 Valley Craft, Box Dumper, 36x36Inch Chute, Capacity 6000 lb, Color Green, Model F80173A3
★ ★ ★ ★ ★
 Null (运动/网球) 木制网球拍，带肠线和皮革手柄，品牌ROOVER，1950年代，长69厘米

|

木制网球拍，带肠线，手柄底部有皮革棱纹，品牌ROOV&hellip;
★ ★ ★ ★ ★
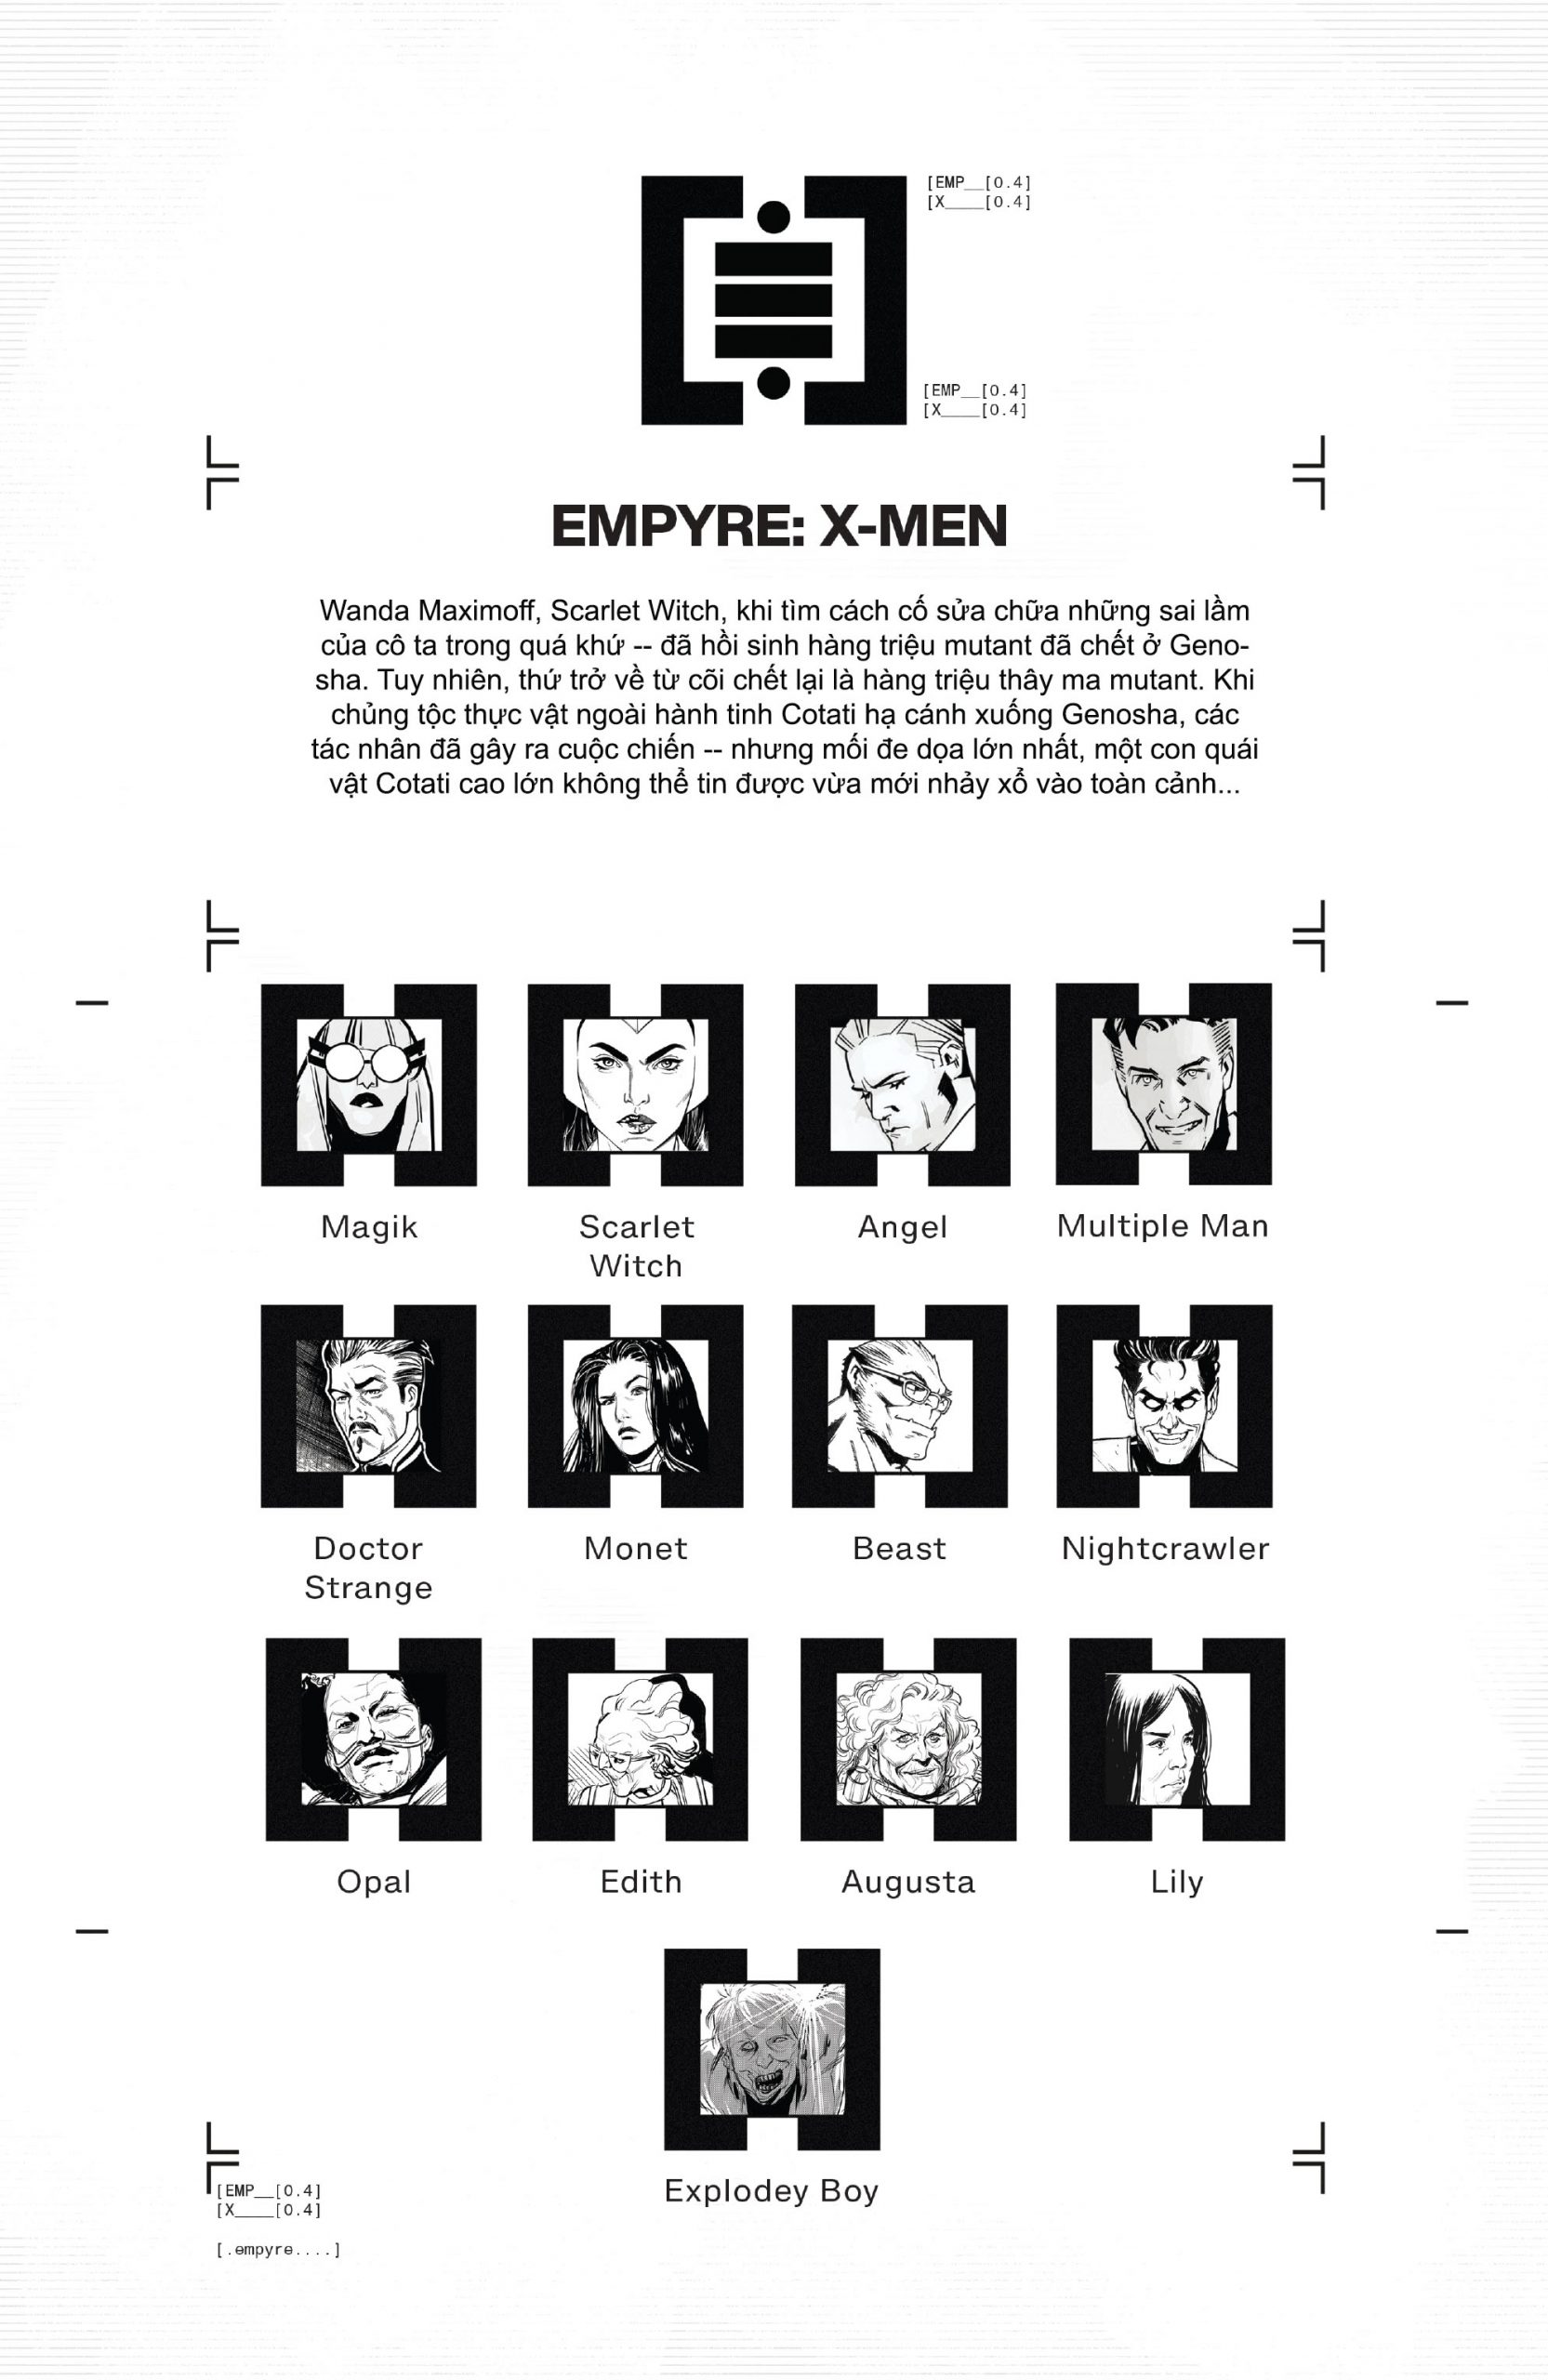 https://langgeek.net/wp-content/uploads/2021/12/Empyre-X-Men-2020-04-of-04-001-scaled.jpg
★ ★ ★ ★ ★
▶ Brief: The job here is to find each line above with the word "木制网球拍" and copy it.

▶ Your response:
 Null (运动/网球) 木制网球拍，带肠线和皮革手柄，品牌ROOVER，1950年代，长69厘米
木制网球拍，带肠线，手柄底部有皮革棱纹，品牌ROOV&hellip;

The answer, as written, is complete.